On the punt, Bears return man Alex Jette fumbled the fair catch, and Yale pounced on it. After Eric Williams ’16, who replaced Roberts at quarterback, hit Rich for 12 yards, kicker Kyle Cazzetta ’15 nailed a career-long 46-yard field goal to give the Elis a 10-point lead at the half.

Williams came back out to start at quarterback for Yale in the second half, but after a first down, the Bulldogs’ drive stalled. Brown’s subsequent drive also failed after a sack from defensive end Marty Moesta ’17.

“Morgan and Eric were splitting reps this week,” Reno said. “Morgan got hurt, Eric came in and did a solid job.”

Though Roberts returned at quarterback, he promptly turned over the ball on an ill-advised third-down pass that was intercepted. Brown quickly responded with a methodical 12-play drive that culminated in a touchdown pass from Donnelly to Jordan Evans.

With the extra point, Brown cut the Yale lead to 17-14 with 3:15 left in the third quarter.

Yale switched quarterbacks yet again, with Williams starting the drive at the 50 following a solid return. But an underthrown pass was intercepted, and it took a great stand from the Bulldogs’ defense inside the Yale 10-yard line to force a 26-yard Brown field goal. The three points tied the game at 17 all with 17 seconds remaining in the third quarter.

In the fourth quarter, the Bulldogs’ defense stepped up and held the Bears. With the offense sputtering, Palin said the defense knew they needed to perform.

“We had a meeting the other week about offense and defense picking each other up,” Palin said. “That’s what good defenses do — when the offense needs a stop, we go out and do it. I’m just inspired to be out there and playing.”
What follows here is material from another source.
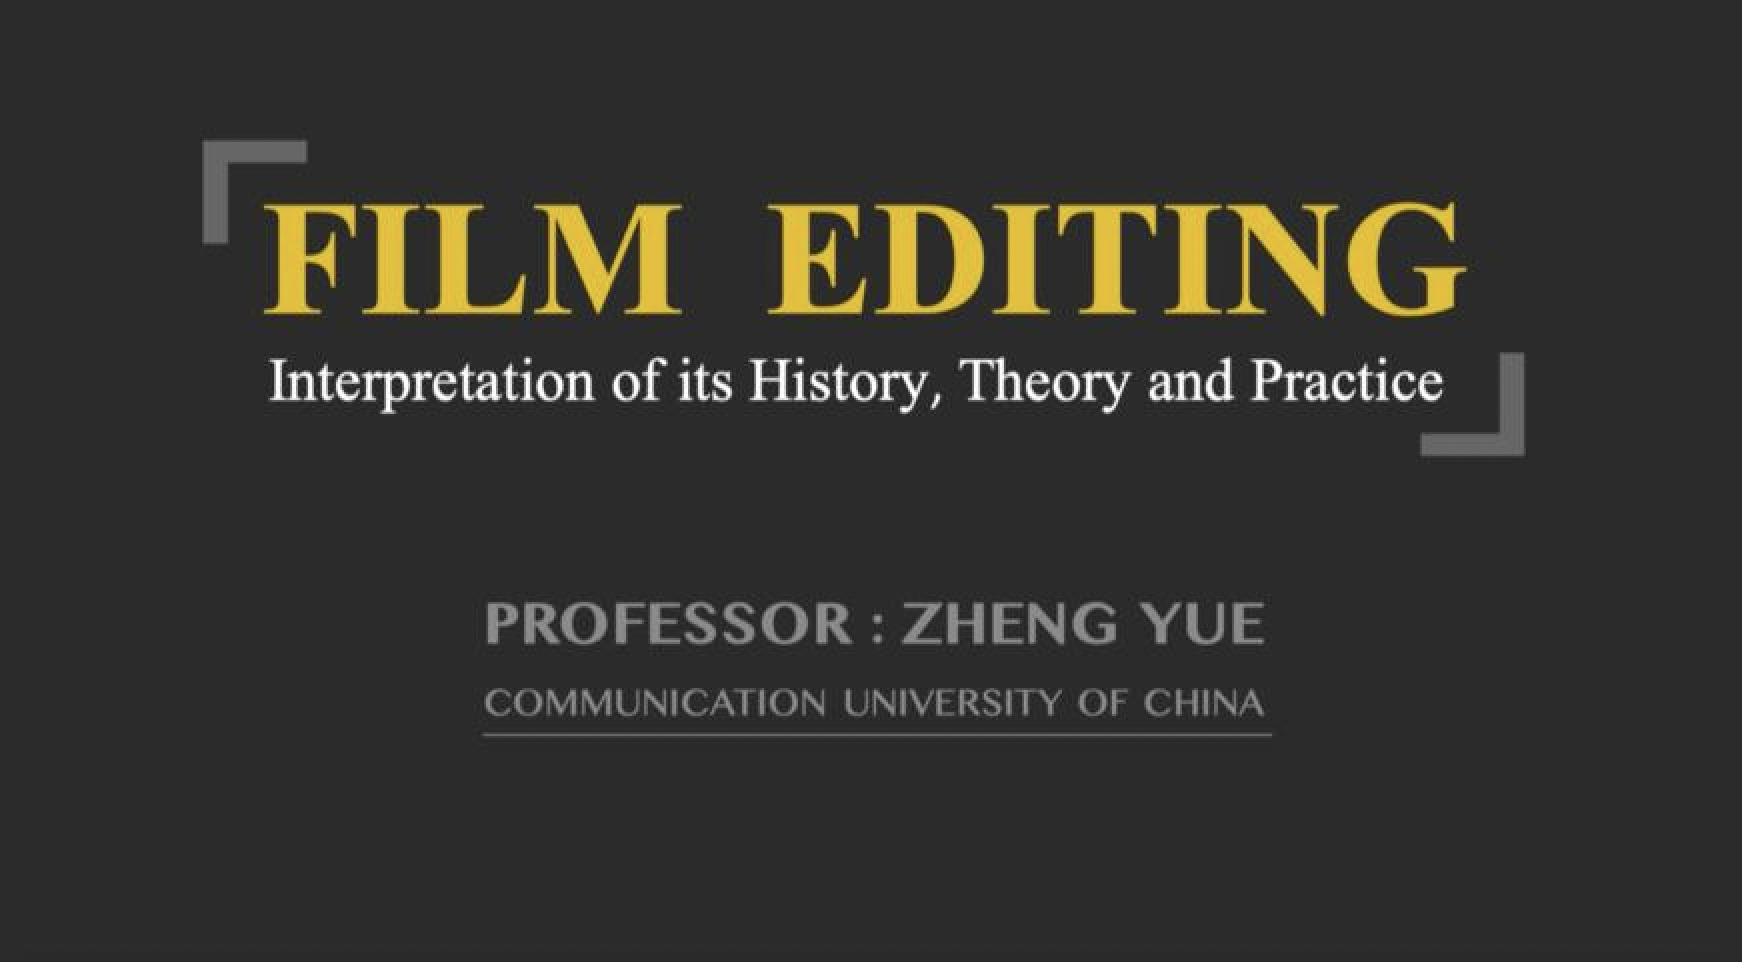 Film Editing: Interpretation of its History, Theory and Practice feihtpcuc

Yale caught a break on a key fourth-quarter drive when an interception was called back by a roughing the passer penalty. After the penalty, Scott replaced Williams as signal caller and moved the team into Brown territory, only to be undone by a false start and an incomplete pass.

“I didn’t have any reservations at all when we put Logan in the game,” Reno said. “I can’t say how proud I am.”

Spooney again carried to the brink of a first down, but the Elis held, dropping him for a loss of two on third and one and ultimately taking over at their 35-yard line. Another false-start penalty negated the four yards picked up on first down, and Scott proved unable to move the chains.

Brown, assuming control at the 18-yard line, again failed to pick up a first down. After converting 20 first downs in the first three quarters, the Bears mustered just two in the fourth.

“We were relentless,” Palin said of the defense. “We executed and did our jobs. I can’t say how proud I am of this defense.”

After a Brown three-and-out, the Bulldogs started their drive with 1:43 left at their 41-yard line. Scott completed a pass to Randall for nine yards on second down, and Rich charged ahead for five yards and a first down.

Randall finished with nine catches for 55 yards and six carries for 59 on the ground, making him both the Elis’ leading receiver and leading rusher.

“We said, let’s get the ball in the best player on the field’s hands,” Reno said of the thinking going into the final drive. “We design things to get Deon the ball. That’s what coaches do.”

After two passes from Scott made it third and one, Khalil Keys ’15 took the carry and converted. A spike and an incomplete pass downfield ensued, bringing up third and 10 from the Brown 32.

Then came the play that may have saved the Bulldogs’ season. Randall took the ball from Scott on a handoff and burst up the middle for 32 yards and a touchdown to take the lead 24–17 with 19 seconds left.

“The offensive line did a tremendous job blocking all game,” Randall said. “I saw a hole and I hit it, and I just bulled my way into the end zone.”

After a last-ditch Brown Hail Mary attempt was batted down in the end zone, Yale officially walked away with the victory and maintained its ability to contend for the Ivy League championship.

Donnelly finished with 262 passing yards and a pair of touchdown passes, while Spooney rushed for 125 yards on 27 carries.

Next Saturday, Yale travels to face Princeton, who is undefeated in Ivy play. With a win, the Tigers would clinch at least a share of the Ivy championship. The game is at 1:00 p.m.